Hello,
I'm currently auditing an application (my own) and have come up with a
question I cannot answer: how secure is a TLS session?
The app is the server side of a client-server communication protocol
using TLS. The socket is provided by socat, which I have configured to
delegate encryption to OpenSSL in FIPS mode. The server has a 2048-bit
RSA key. Everything is working fine.
On the client I can see that the negotiated ciphersuite is
TLS_RSA_WITH_AES_128_CBC_SHA.
My intent was to send a 256-bit key to the server app (used for other
purposes within the server) over this link. Of course, encrypting this
with the negotiated 128-bit AES key weakens it, so my initial instinct
was to simply limit the ciphersuites on the server to
TLS_RSA_WITH_AES_256_CBC_SHA.
However...
Would this make any difference at all? The RSA key used to send the
pre-master secret in the TLS handshake is a 2048-bit key, which is
generally considered to provide 112 "bits of security" (see table 2, p.
63 of NIST Special Publication 800-57 at
http://csrc.nist.gov/publications/nistpubs/800-57/sp800-57-Part1-revised2_Mar08-2007.pdf)

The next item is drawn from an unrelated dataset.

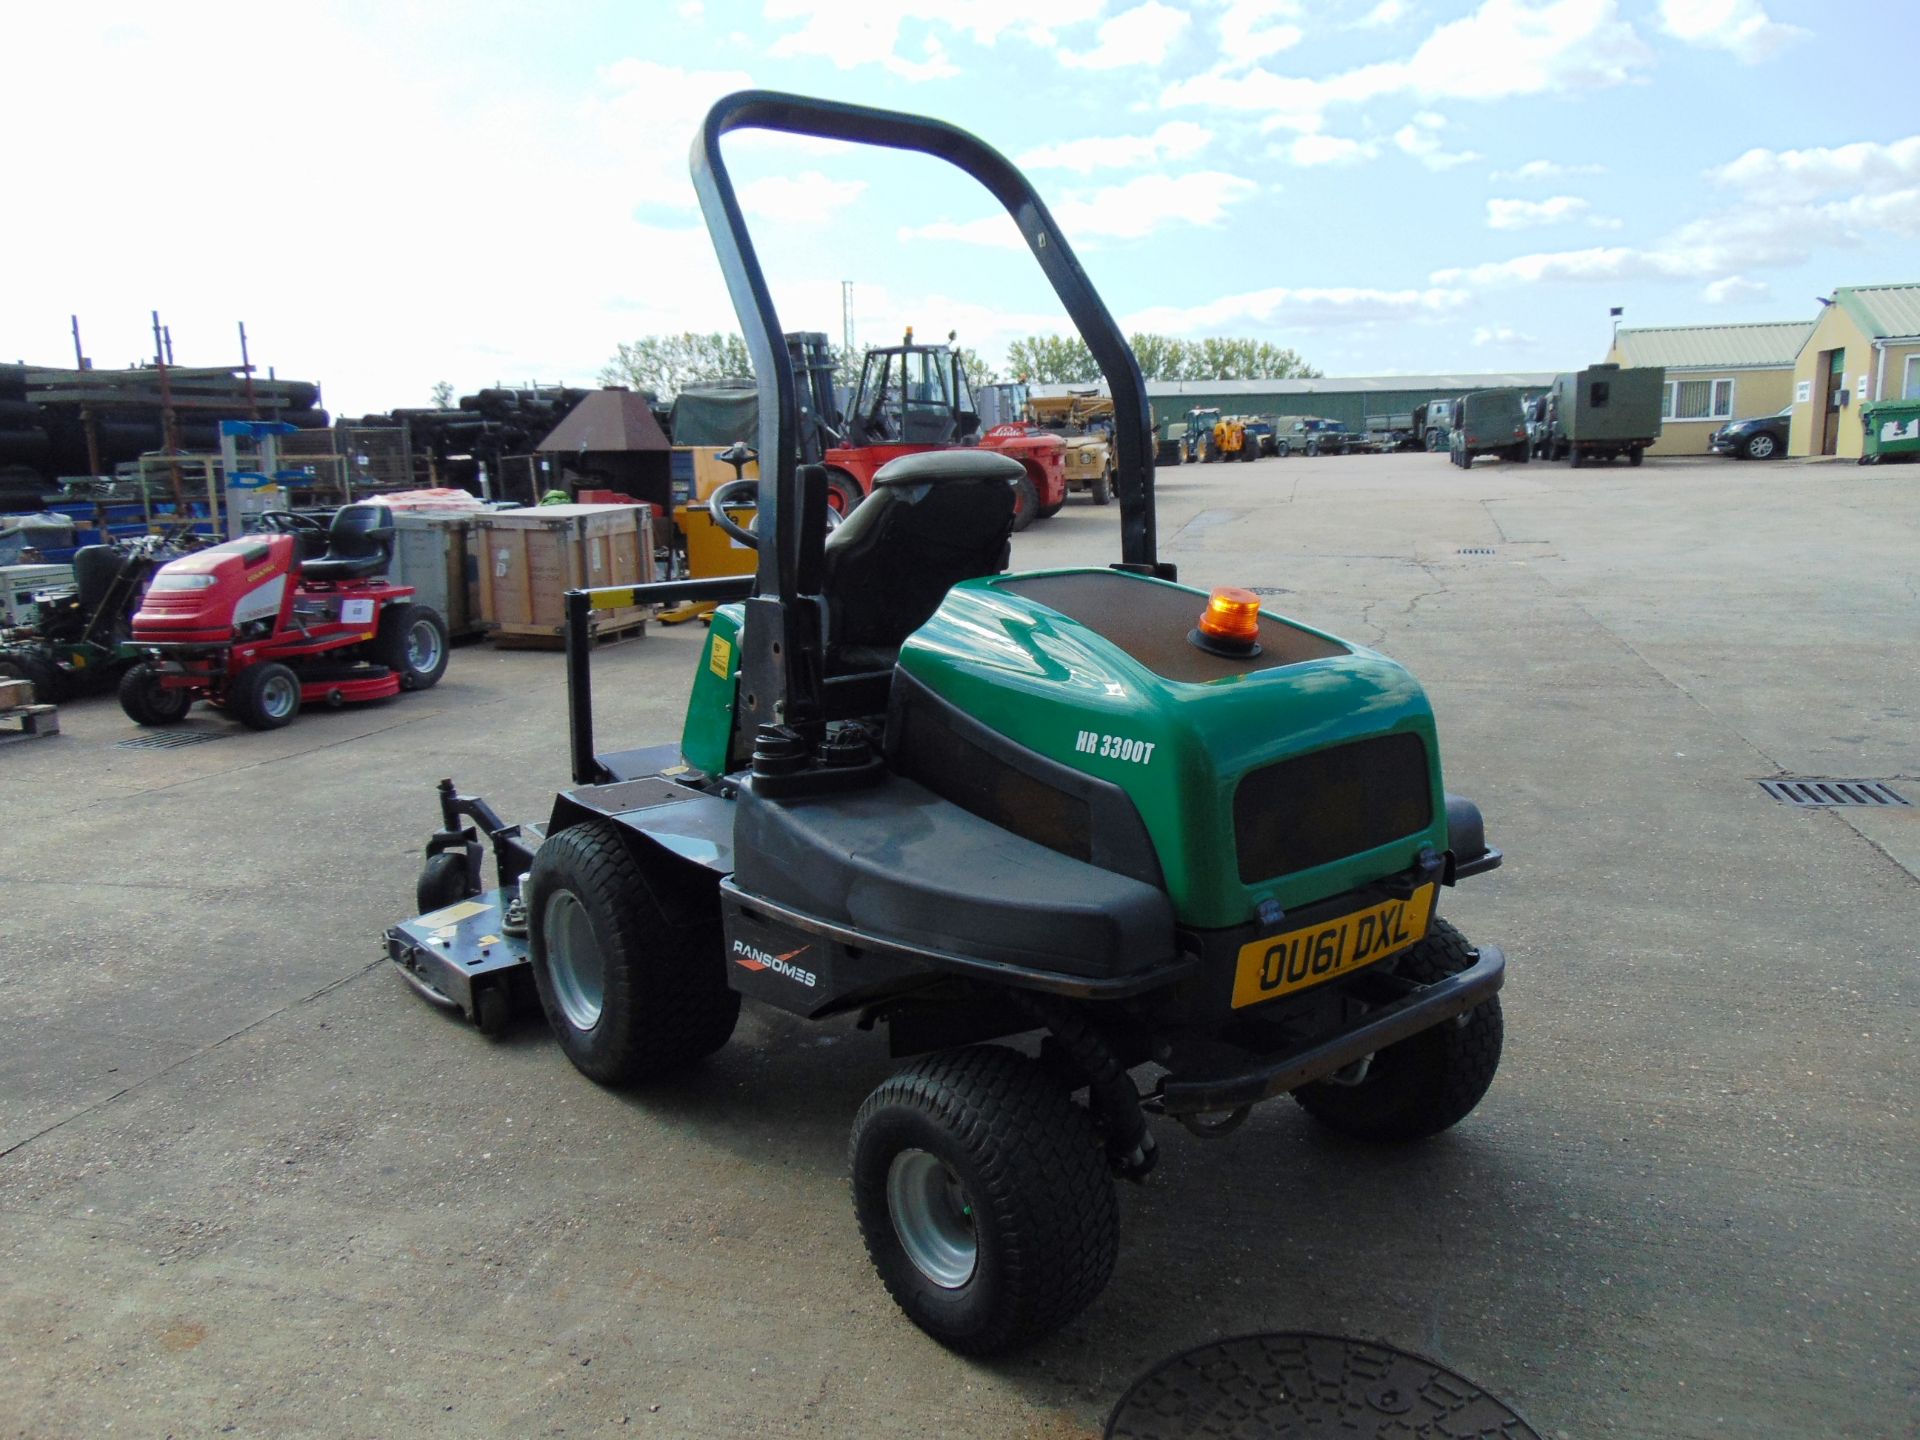 2012 Ransomes HR 3300T Outfront 3 Blade Hydraulic Rotary Mower. 4,560 hrs from UK Govt Contract. - Image 9 of 22

The way I understand TLS, this pre-master secret is used to generate
the AES key.
It seems to me that regardless of the AES key strength selected, the TLS
session itself is limited 112-bit security by the 2048-bit RSA key. Am
I missing something here?
And if this is the case, any suggestions for ways to improve this short
of using a 15360-byte RSA key (which is not feasible for this application)?